MOSFET Biasing

Because of its low power consumption and high input impedance, MOSFET is frequently utilized in electronic circuits. MOSFETs are more efficient than Bipolar Junction Transistors (BJTs) since they do not need a lot of input current. Because the gate and channel are isolated in MOSFETs, there is very little gate current and less power loss.

Biasing is the process of giving the MOSFET the proper DC voltages and currents to function in the required region, usually the saturation region for amplifier applications. The circuit will operate steadily and behave as intended with proper biasing.

Typical methods for biasing MOSFETs include:

• Gate bias circuit (fixed bias)
• Drain-to-gate bias circuit
• Voltage divider bias circuit
• Self-bias circuit

Gate Bias Circuit

The gate voltage in the gate bias circuit is fixed by an external voltage source. There is no voltage drop across the gate resistor in a MOSFET since the gate current is zero (I_G = 0). As a result, the applied bias voltage equals the gate voltage.

Given that the source is typically grounded:

V_G = V_{GS}

KVL application in the drain circuit:

V_{DS} = V_{DD} - I_D R_D

In order to properly bias in the saturation region:

V_{DS} \geq (V_{GS} - V_{TN}), \quad V_{GS} \geq V_{TN}

The MOSFET can be biased in the desired region by choosing the right gate voltage and drain resistance settings.

Drain-to-Gate Bias Circuit Configuration

A separate gate supply is not required thanks to the drain-to-gate bias circuit. Here, automatic biasing is achieved by connecting the gate to the drain via a resistor.

There is no voltage drop across the gate resistor since I_G = 0. Hence:

V_G = V_D

Therefore:

V_{DS} = V_{GS}

KVL application in the circuit:

V_{DS} = V_{DD} - I_D R_D

DC Analysis

In this setup:

• Voltage across R_G = 0
• Gate current I_G = 0
• V_G = V_D
• V_{GS} = V_{DS}

The MOSFET functioning is naturally stabilized by this biasing technique, which usually maintains it in the saturation area.

Voltage Divider Bias Circuit

The gate voltage in this circuit is set using a voltage divider network (R_1 and R_2), which improves control and stability over earlier techniques.

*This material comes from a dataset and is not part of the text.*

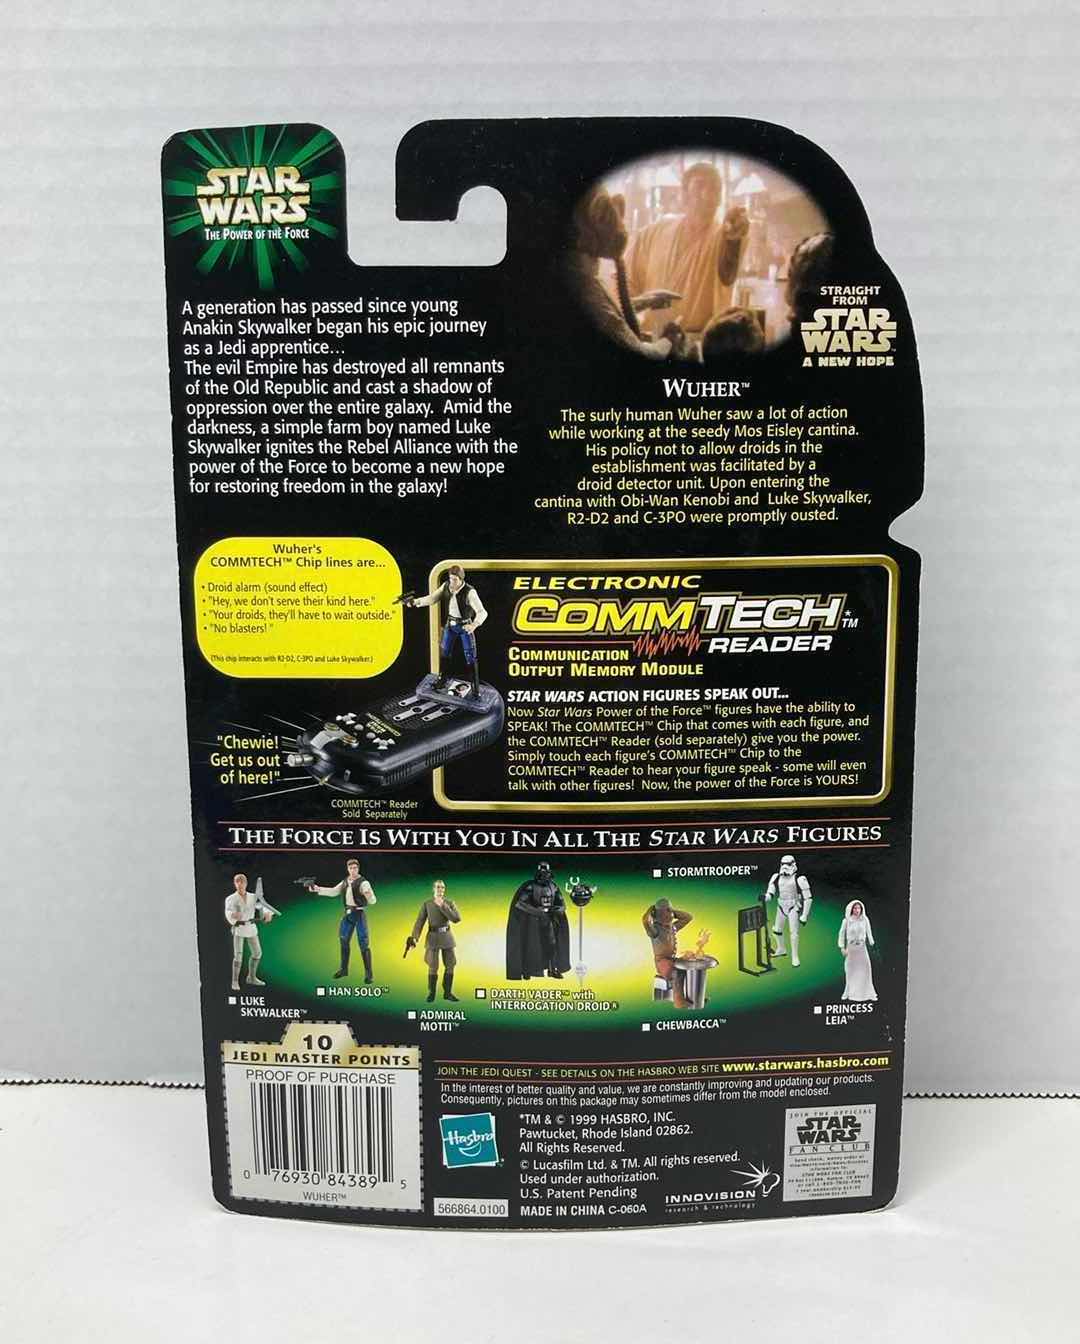 Photo 2 of NEW STAR WARS THE POWER OF THE FORCE ACTION FIGURE, WUHER W DROID DETECTOR UNIT & TALKING COMMTECH CHIP

Given that I_G = 0, the gate voltage is determined by:

V_G = \left( \frac{R_2}{R_1 + R_2} \right) V_{DD}

Source voltage:

V_S = I_D R_S

Thus:

V_{GS} = V_G - V_S

KVL application in the drain circuit:

V_{DS} = V_{DD} - I_D (R_D + R_S)

In order to function properly in the saturation region:

V_{DS} \geq (V_{GS} - V_{TN}), \quad V_{GS} \geq V_{TN}

This technique is frequently utilized in real-world circuits and offers good bias stability.

Self-Bias Circuit Configuration

The source resistor in the self-bias circuit is used to bias the gate, which is coupled to ground via a resistor.

Given that I_G = 0:

V_G = 0

KVL application from gate to source:

V_{GS} = - I_D R_S

DC Analysis

From the relationship mentioned above:

I_D = - \frac{V_{GS}}{R_S}

This demonstrates that in this configuration, V_{GS} is negative.

• Negative V_{GS} for an enhancement MOSFET indicates no channel creation and the device stays off.
• Therefore, self-bias is inappropriate for MOSFET enhancement.
• The channel for the Depletion MOSFET is already present, thus the device can function correctly.